## Assignment
The listing below is to be copied exactly, with pictures excluded.

## Given records
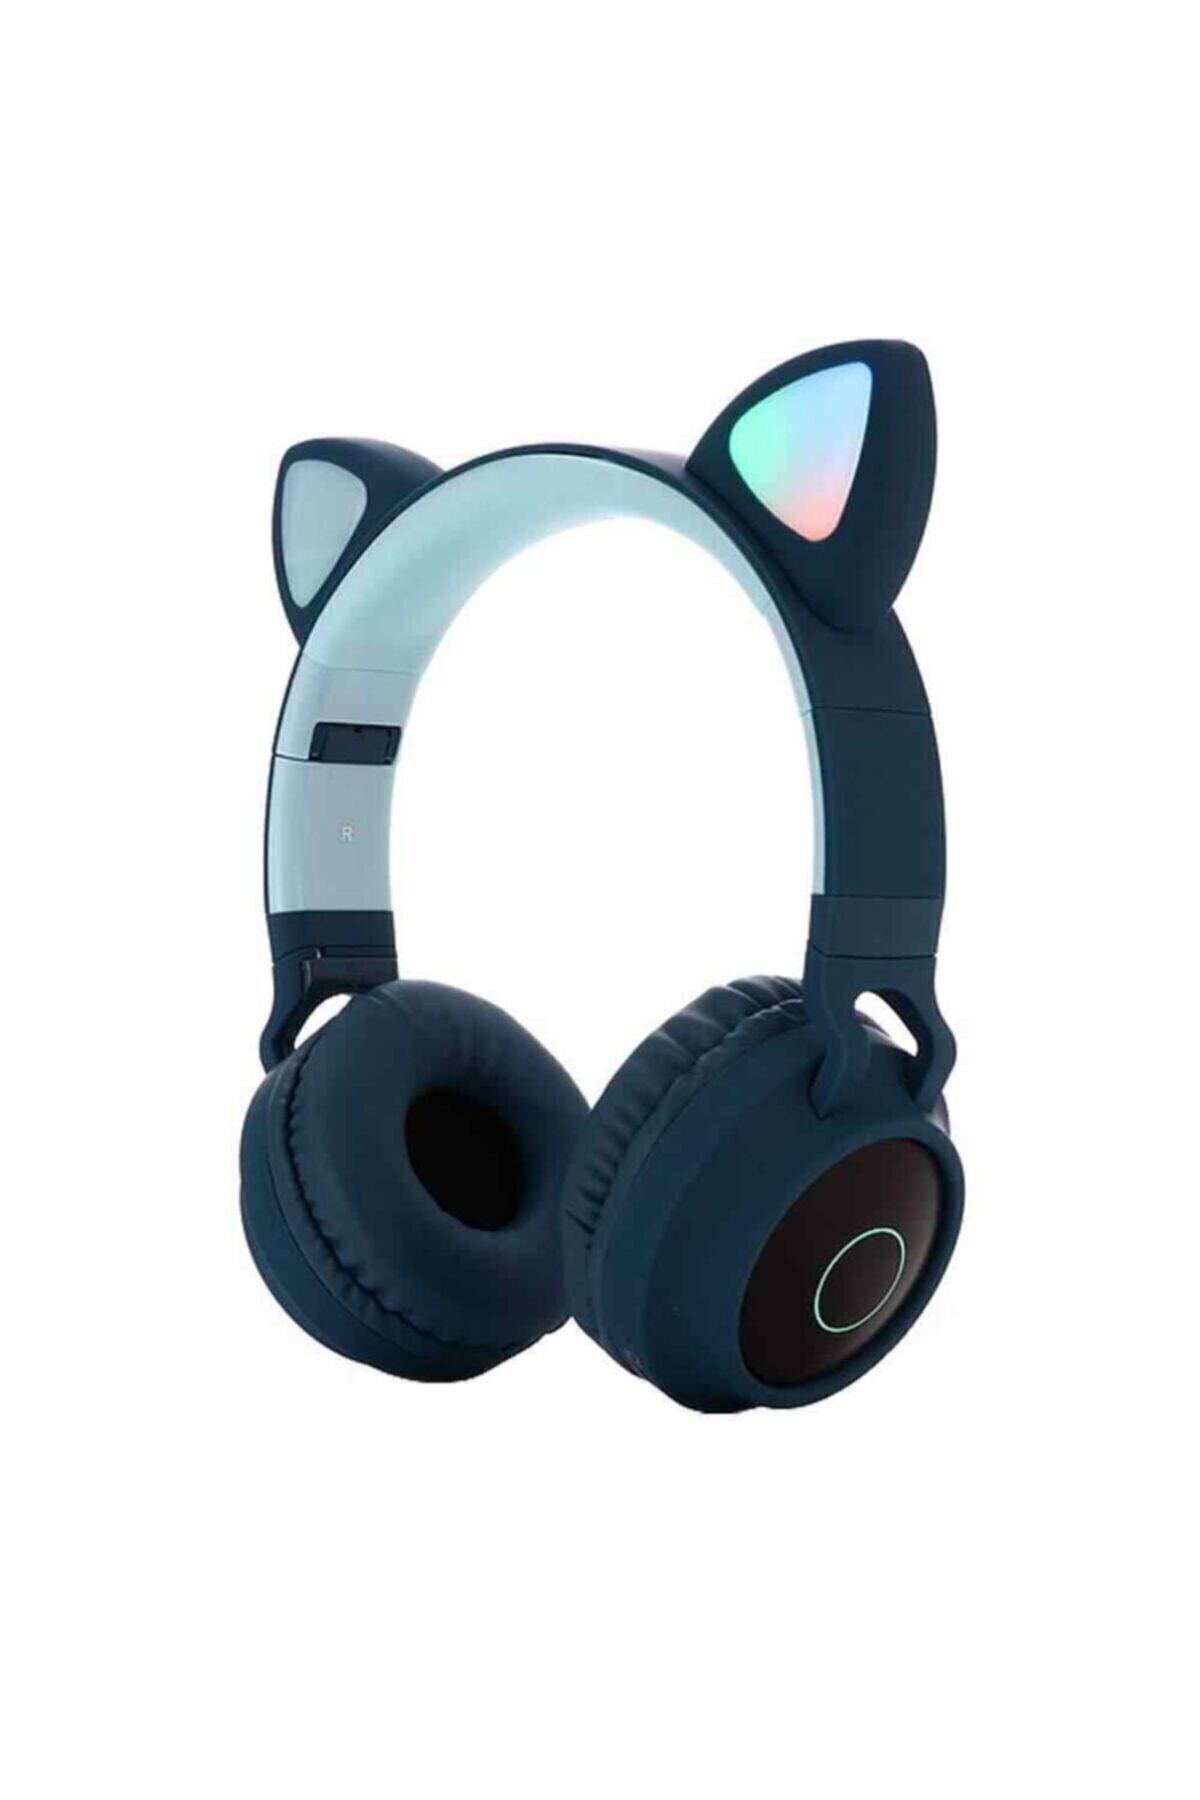 OEM Kart Girişli Kedi Bluetooth Kulaklık Yüksek Ses Akıllı LED Kulaklık12 Saat Fazla Şarj Zw-028
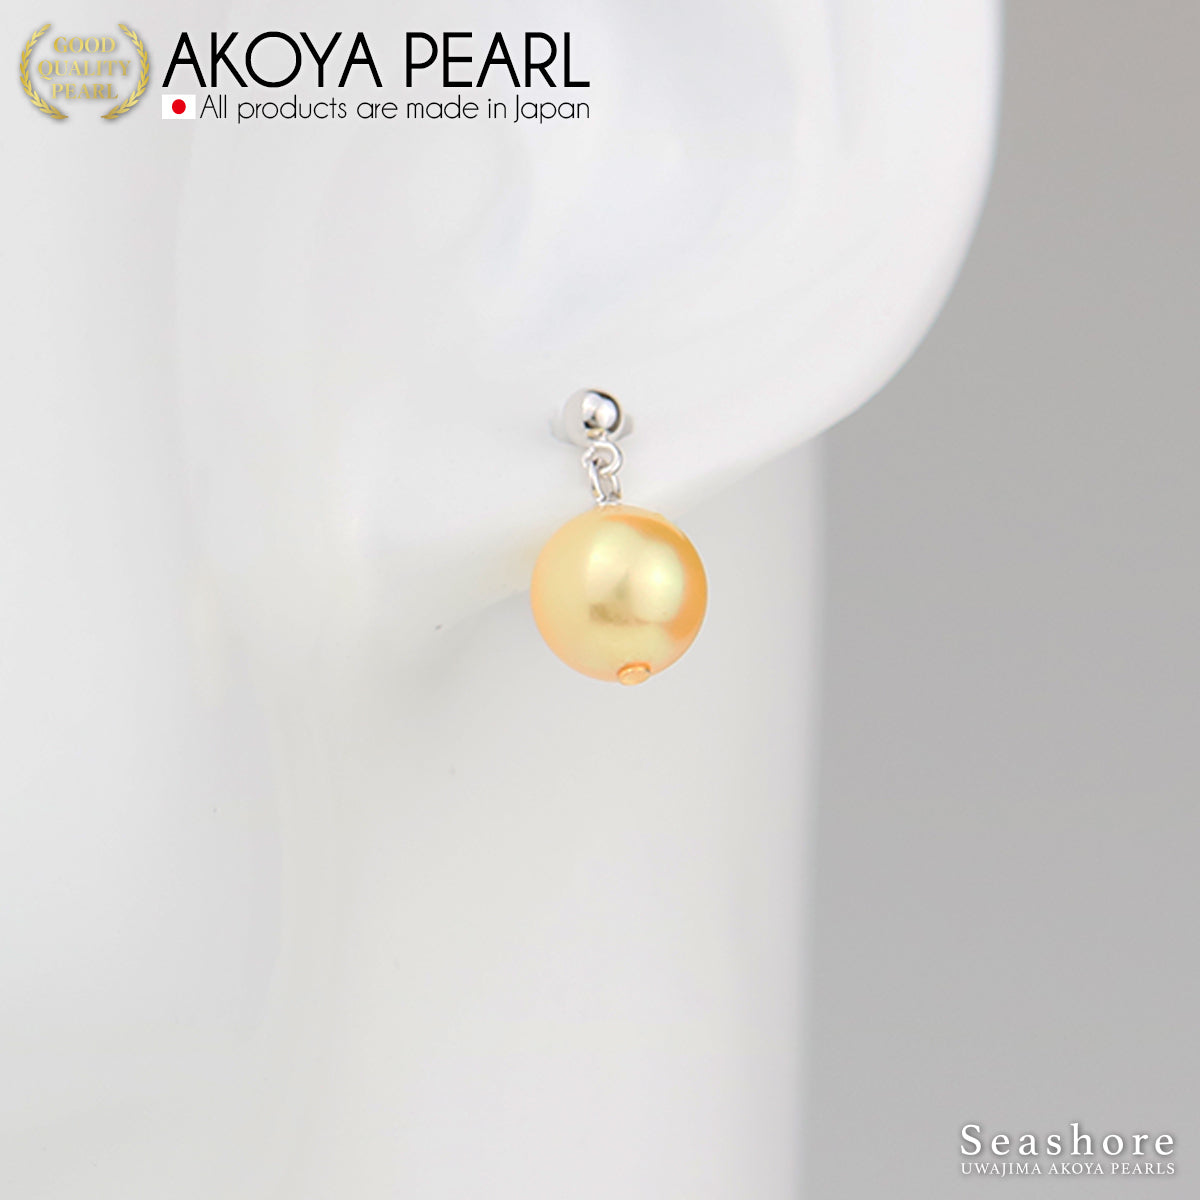 [金 Akoya] 珍珠耳环/耳环 [8.0-8.5mm] 摆动型黄铜/钛 Akoya 珍珠
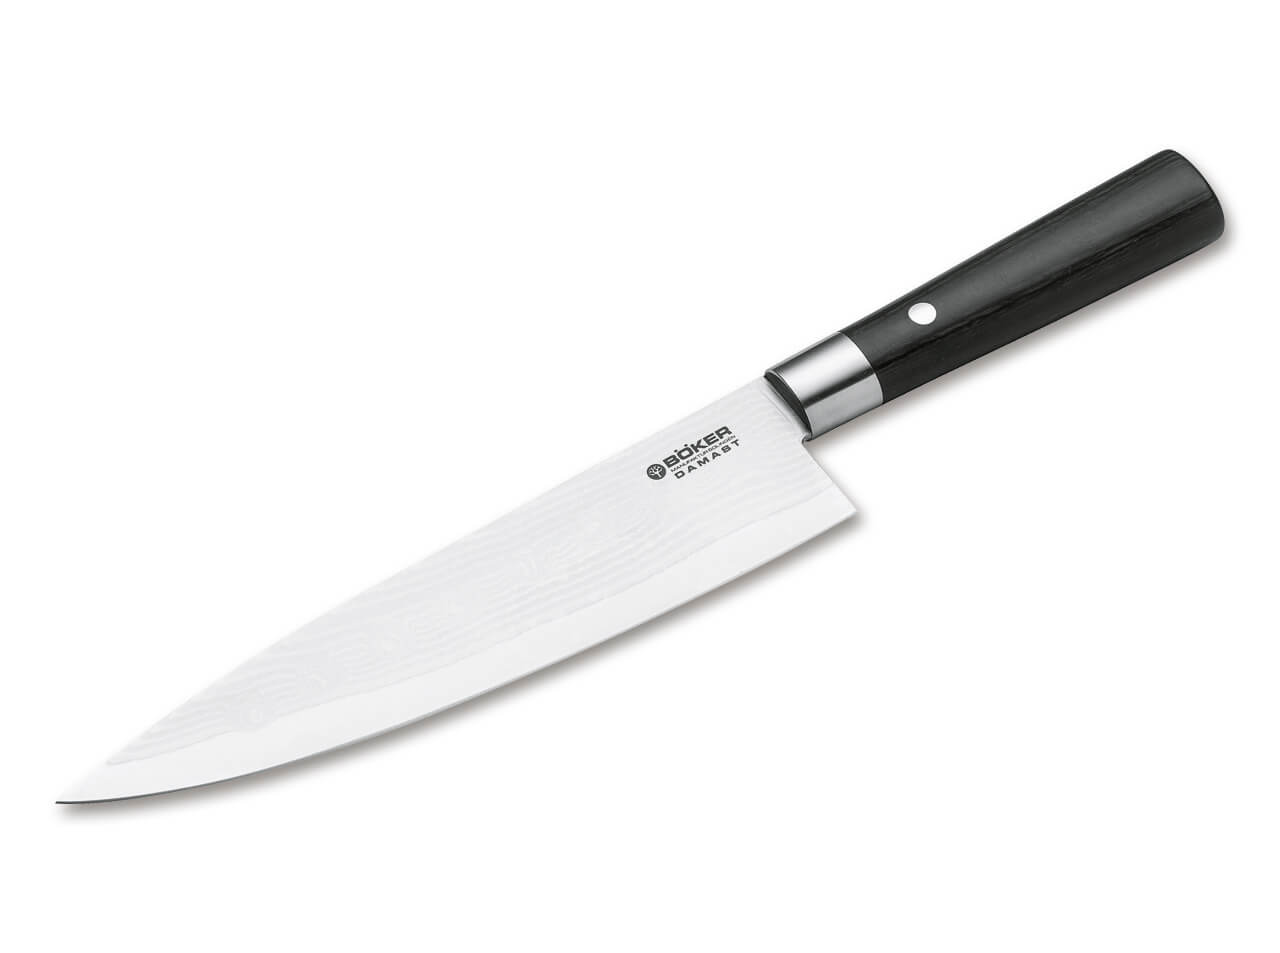 https://www.bokerusa.com/media/image/8d/e9/05/boeker-manufaktur-solingen-damast-black-chef-s-knife-large-130421dam.jpg
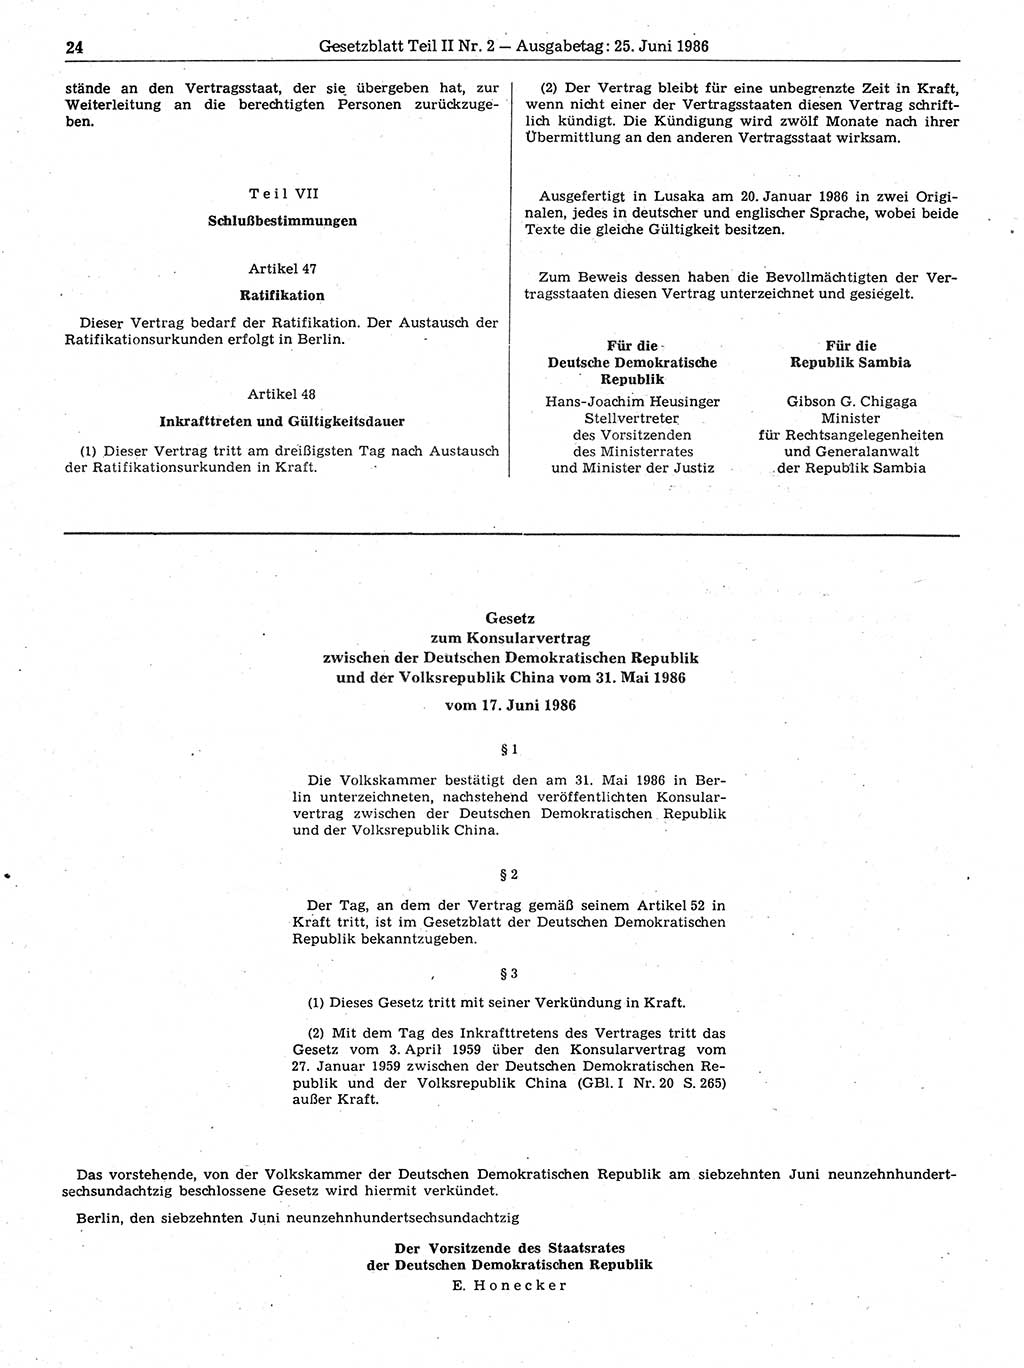 Gesetzblatt (GBl.) der Deutschen Demokratischen Republik (DDR) Teil ⅠⅠ 1986, Seite 24 (GBl. DDR ⅠⅠ 1986, S. 24)
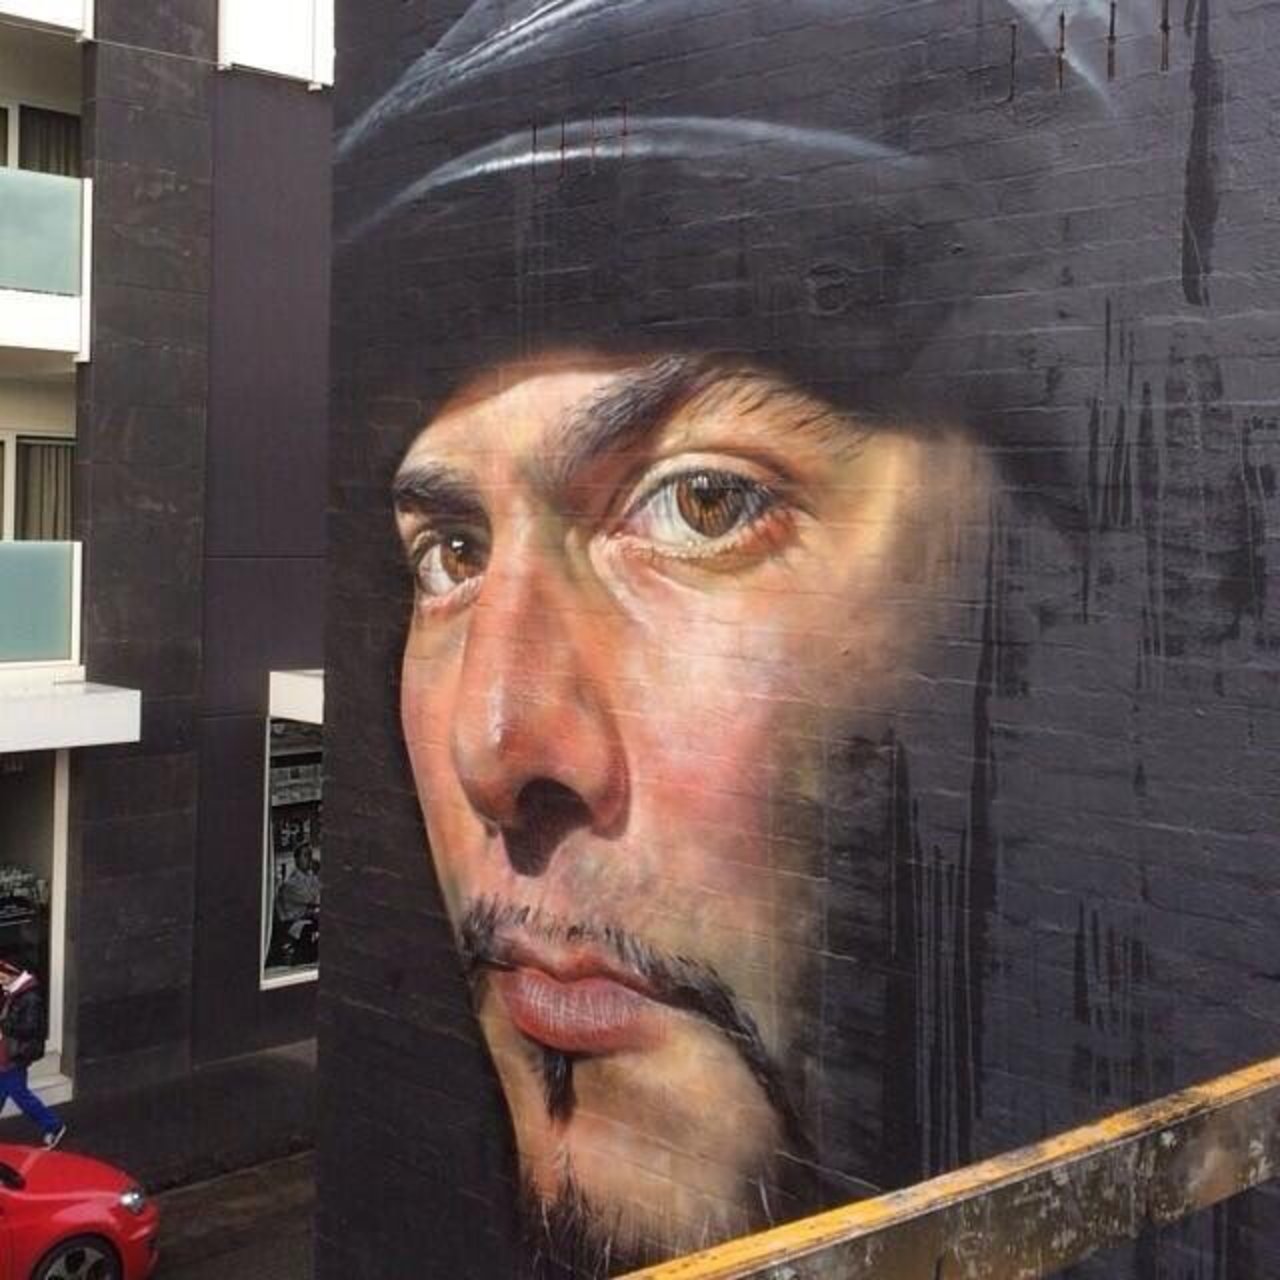 #mural by Adnate #Melbourne #Australia #art #graffiti #streetart #urbanart https://t.co/sqlYp7dl5O

## Completed exercise
 OEM Kart Girişli Kedi Bluetooth Kulaklık Yüksek Ses Akıllı LED Kulaklık12 Saat Fazla Şarj Zw-028
 [金 Akoya] 珍珠耳环/耳环 [8.0-8.5mm] 摆动型黄铜/钛 Akoya 珍珠
 https://www.bokerusa.com/media/image/8d/e9/05/boeker-manufaktur-solingen-damast-black-chef-s-knife-large-130421dam.jpg
 Gesetzblatt (GBl.) der Deutschen Demokratischen Republik (DDR) Teil ⅠⅠ 1986, Seite 24 (GBl. DDR ⅠⅠ 1986, S. 24)
 #mural by Adnate #Melbourne #Australia #art #graffiti #streetart #urbanart https://t.co/sqlYp7dl5O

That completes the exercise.